Kazakh State Circus (Russian: Казахский государственный цирк, tr: Kazakhskiy gosudarstevnnyi ts'irk) is a main circus of Kazakhstan located in Almaty.

== History ==
Kazakh circus group of Soyuzgostsirk, Honored Collective of the Kazakh SSR, was created in 1970. Circus building was opened in 1972. In 1980, the circus became Honored Collective of the Kazakh SSR.

After the collapse of the Soviet Union, many artists from Soyuzgostsirk have moved to Alma-Ata, which has allowed to create a new team that has repeatedly had successful tours in China.

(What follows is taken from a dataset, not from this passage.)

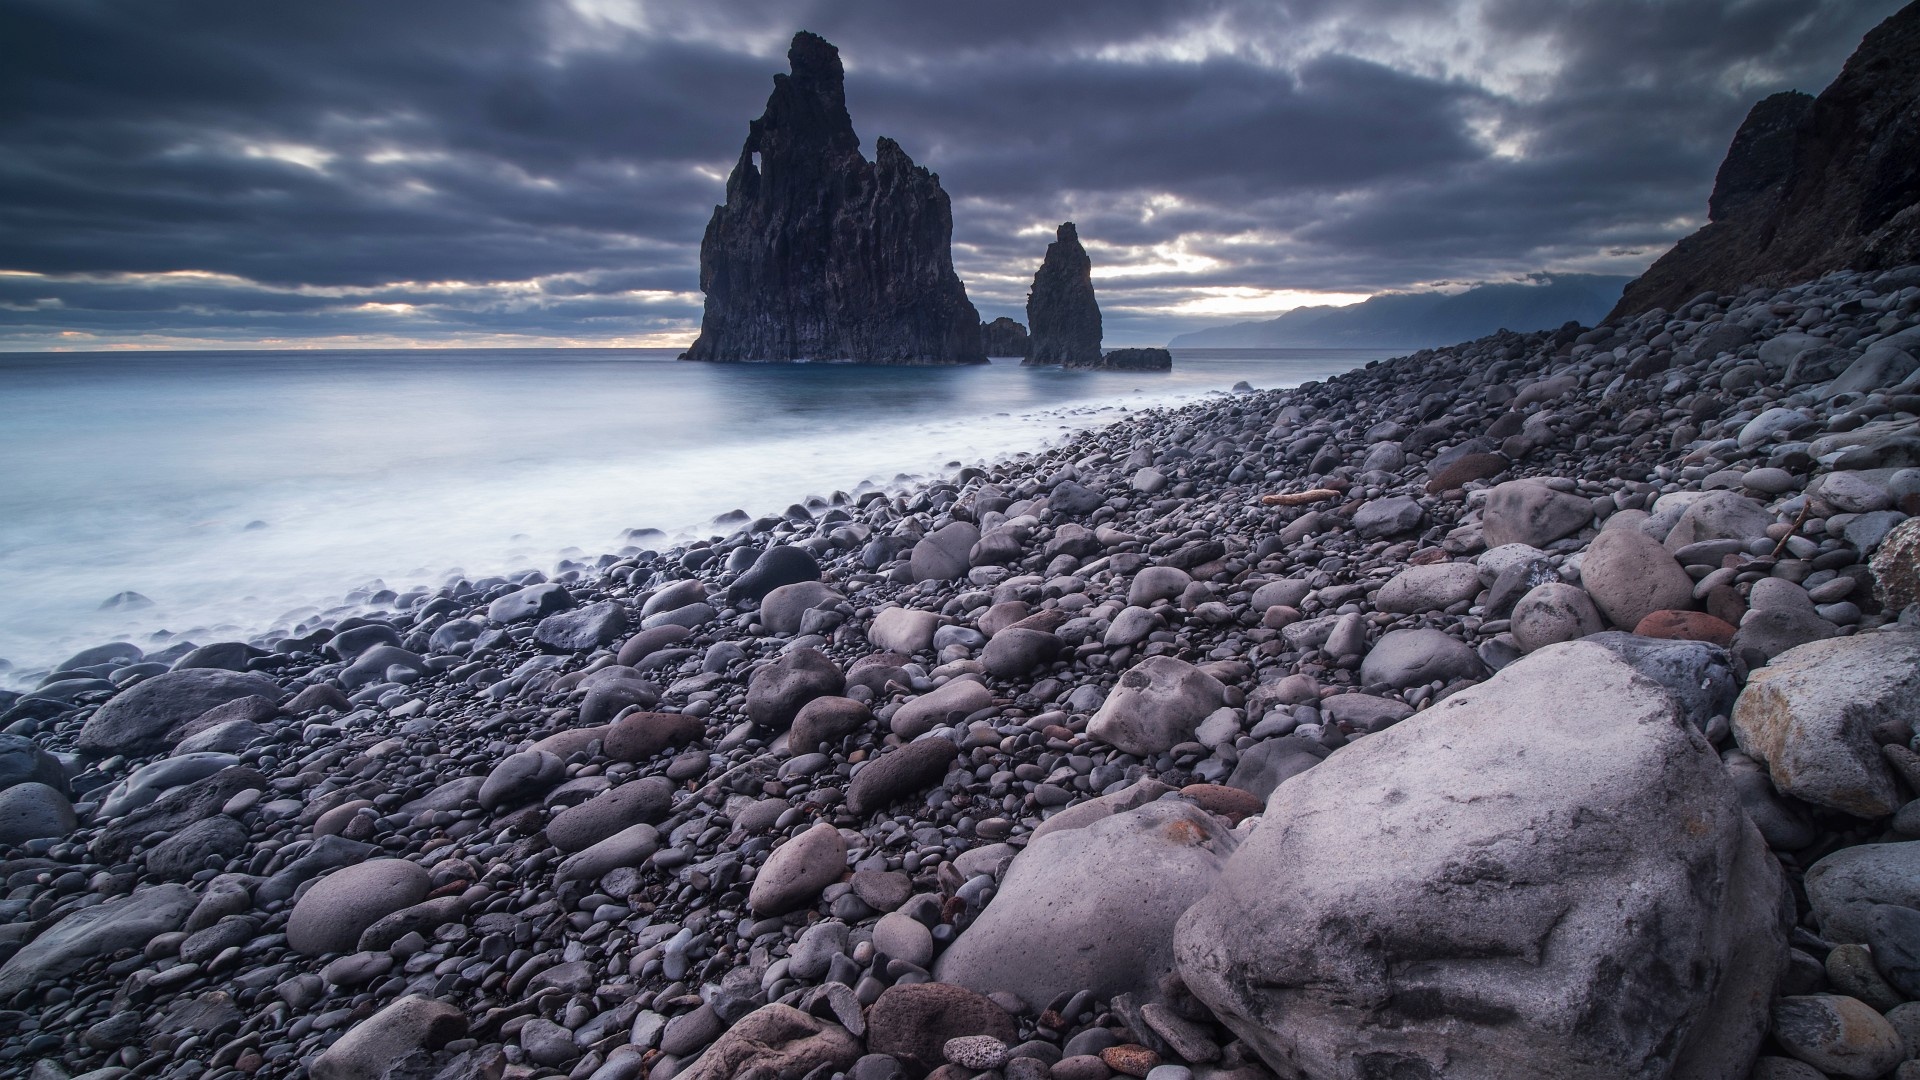 Madeira travels, Tomasz Worek photography, Coastal beauty, Cliff formations, 1920x1080 Full HD Desktop
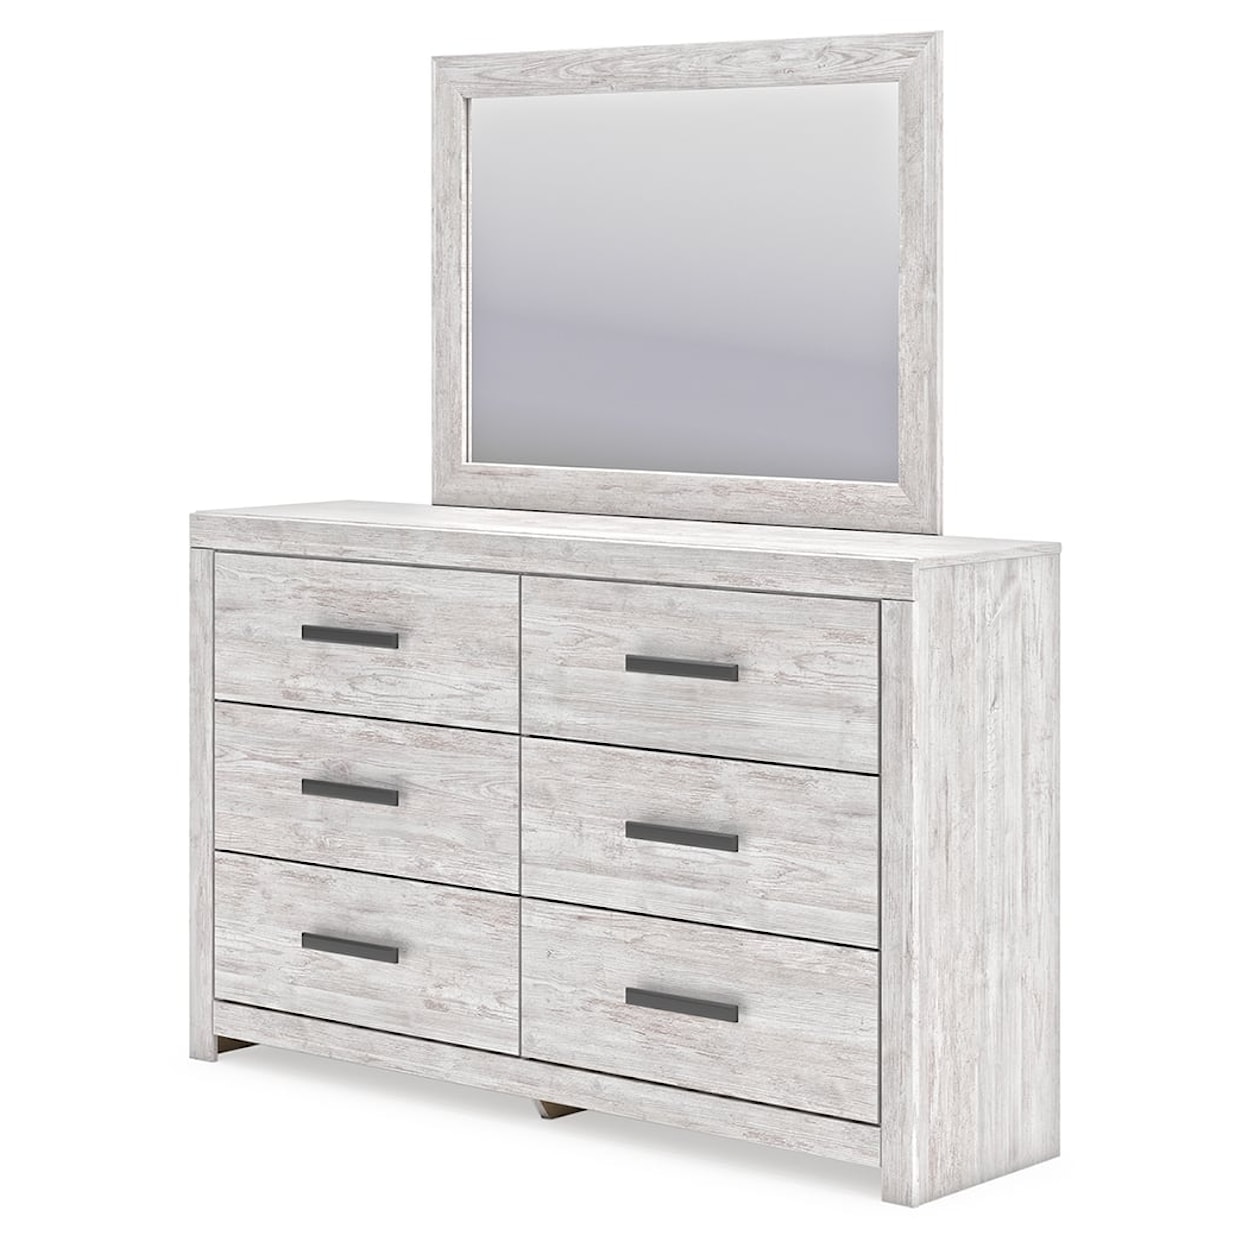 StyleLine Cayboni Dresser and Mirror

In 1983, artists Murat and Elizaveta Zhumagaliev received the prestigious Eduard Bass Grand Prize at the international competition in Prague. The Dosbatyrov circus artists were also winners at international circus festivals held in Verona (Italy), Belgium, Monte Carlo, and China. Artists T. Trestin and Zh. Bakenova secured first place at the European competition in Poland. In 1993, several Kazakh performers became laureates and medalists at a competition in China, including the aerial troupe “Air Flight” led by A. Kirichenko and Ph. A. Kirichenko, the dzhigits (equestrian acrobats) under the direction of K. Kunguzhinov, and the act “Rhenish Wheels” performed by V. Gashuta. In the American circus performs a group of Kazakh jigit-riders under the guidance of. K. Chalabaeva.The entertainment center "Harlequino" was opened on the territory of the circus in 2000. Riding school was founded in 2001.

== Architecture ==
The Kazakh circus building was constructed on the direct initiative of the First Secretary of the Communist Party of the Kazakh SSR Dinmukhamed Kunayev.

The circus has been working in its own new building since 1972.

== Monumental status ==
A new State List of Historical and Cultural Monuments of Local Significance in Almaty was approved on 10 November 2010, which gave the theatre its monumental status.